I'm running into a similar issue. We are running ISA 2004 SP1 on Win2K3. We currently have OWA, RPC over HTTP (for Outlook), SharePoint and a our ERP Web interface published through ISA. All of them work fine. ISA is not a member of the domain.
*Just a side note, SharePoint and the ERP Web app are using RSA authentication.*
I've set up an identical rule to SharePoint and the ERP Web app to publish an application called Changepoint. I've set up RSA auth as well.
*note, Changepoint only works with IE.*
*note, The odd thing about Changepoint, and it's inherent to the app, when you go to the URL it redirects you and brings up the application in a new window, therefore leaving you with 2 windows open. Popup blockers do get in the way, and in my testing all popup blockers are disabled.*
Now for the odd behavior...
With integrated auth set in IE:
Inside the network it works fine, no prompt.

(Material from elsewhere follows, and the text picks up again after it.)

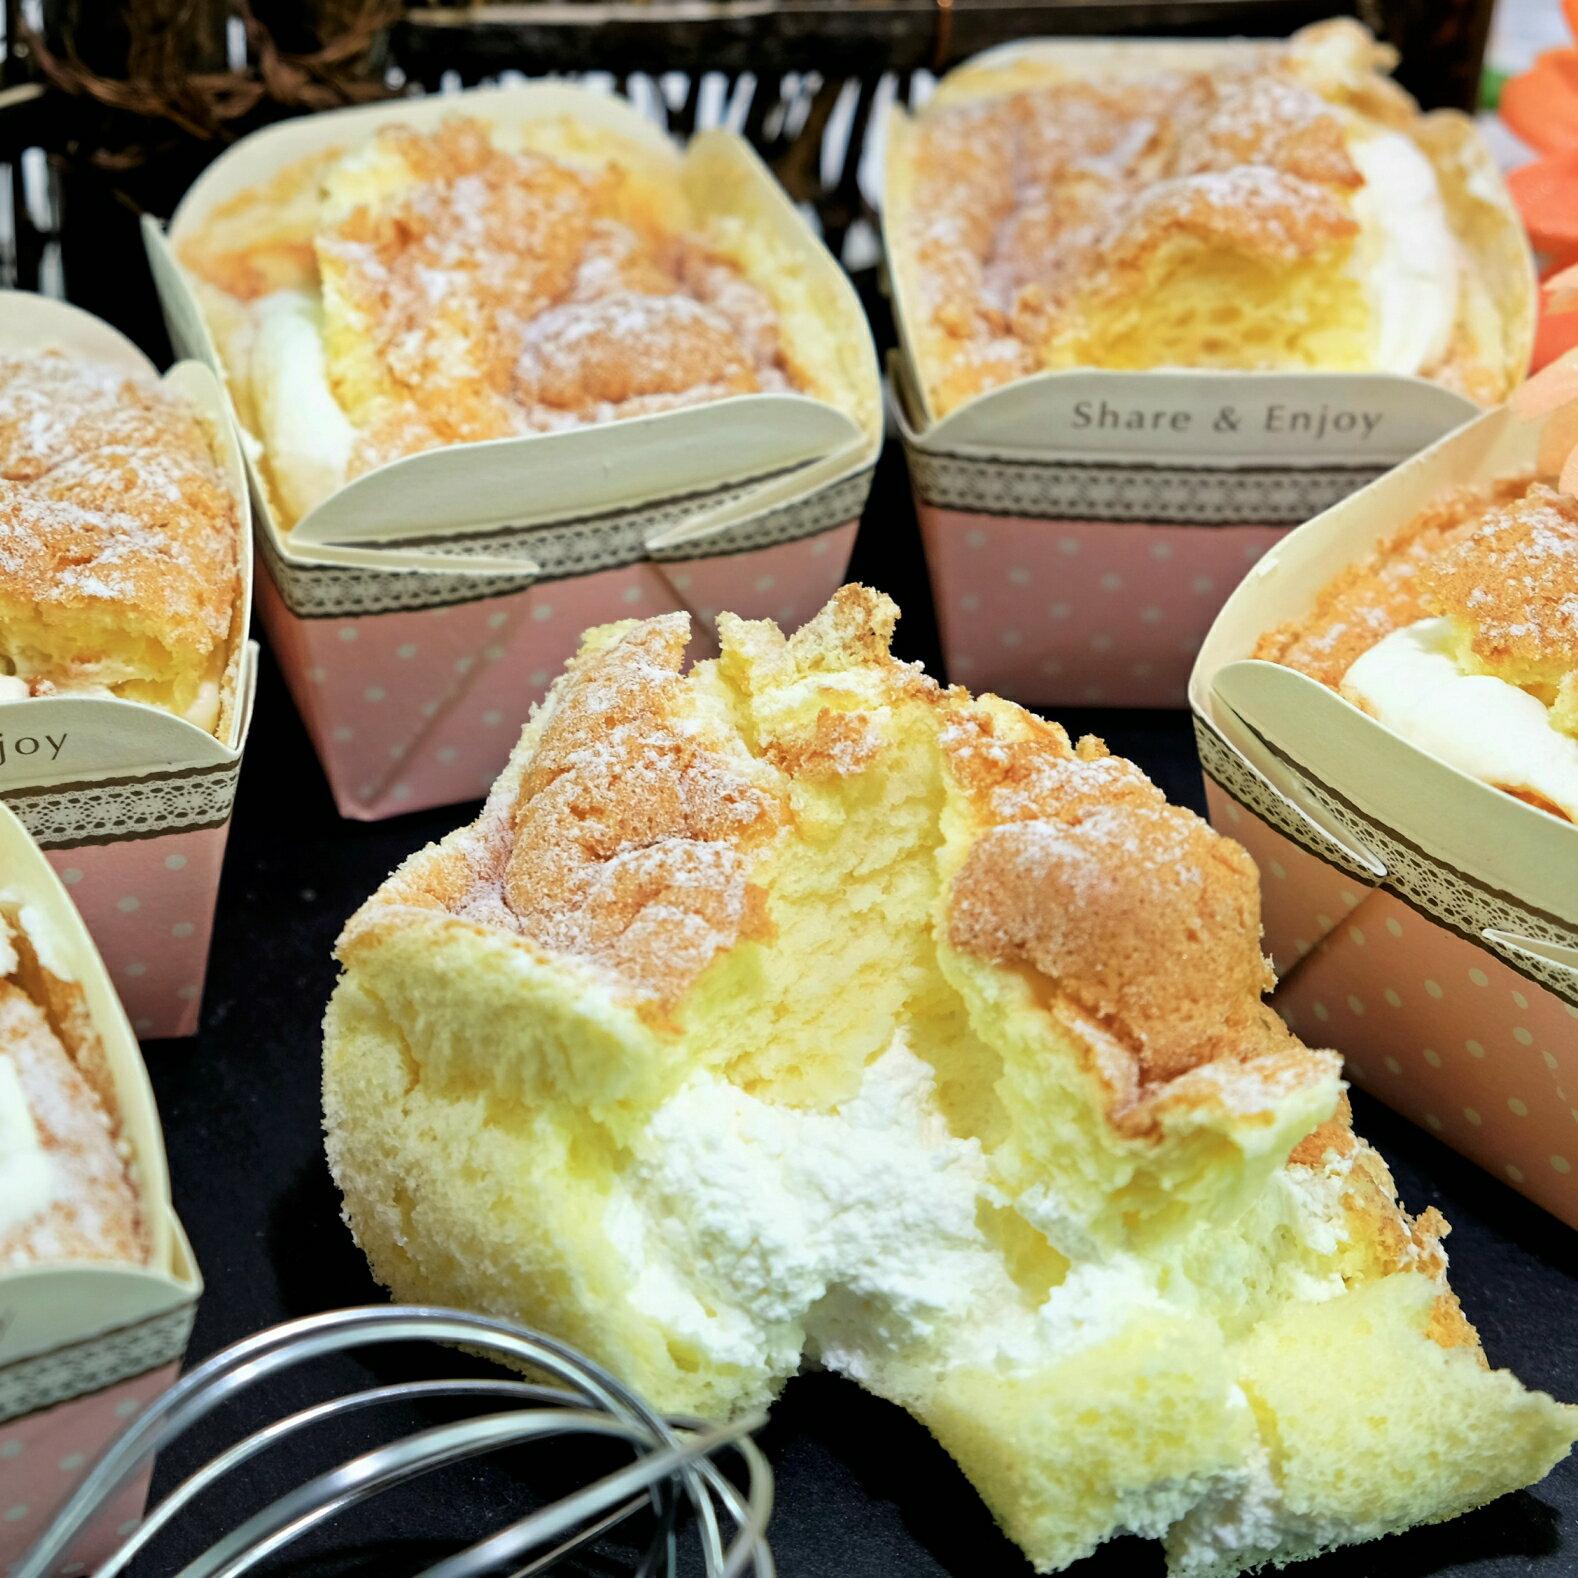 【Sara-Cake烘焙坊】北海道奶霜戚風蛋糕 6入
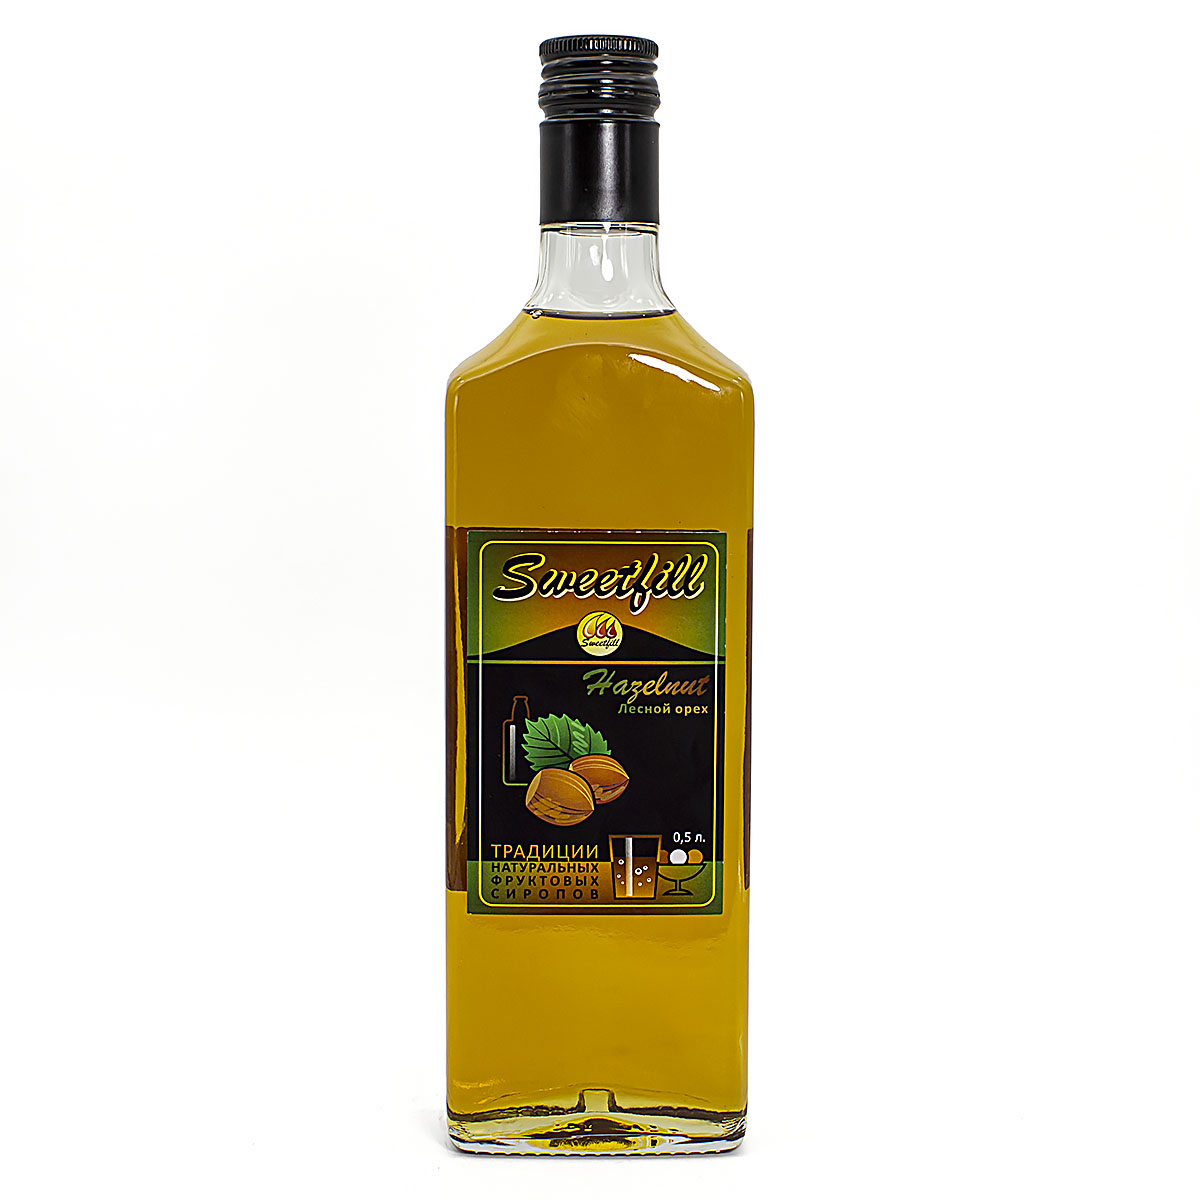 цены Сироп SweetFill Лесной орех, 0,5 л

Outside the network the integrated auth fails. I get the RSA auth, that works, but on the attempt to go to the web app, I get page cannot be displayed.
If I turn off integrated auth in IE, I get RSA, then I get windows prompt. Upon password entry it works fine.
In testing, even though Firefox is not supported for the app, when I set integrated auth in Firefox I get the RSA, then it actually works like it's supposed to. While I don't actually get the application, I get the first screen before the popup redirect. That tells me that it's authenticated.
Whew!....sorry for the long winded explanation.
So, my question is, am I missing a setting somewhere? Is this an ISA bug? Is it choking on the 2 browser windows that Changepoint uses upon login? Or, if anyone is familiar with Changepoint, is it something with that app?
Oh, not setting integrated auth is not really an option, since we have 2 other web apps that use it and it works. Our user base would complain...
Any insight into this would be very helpful.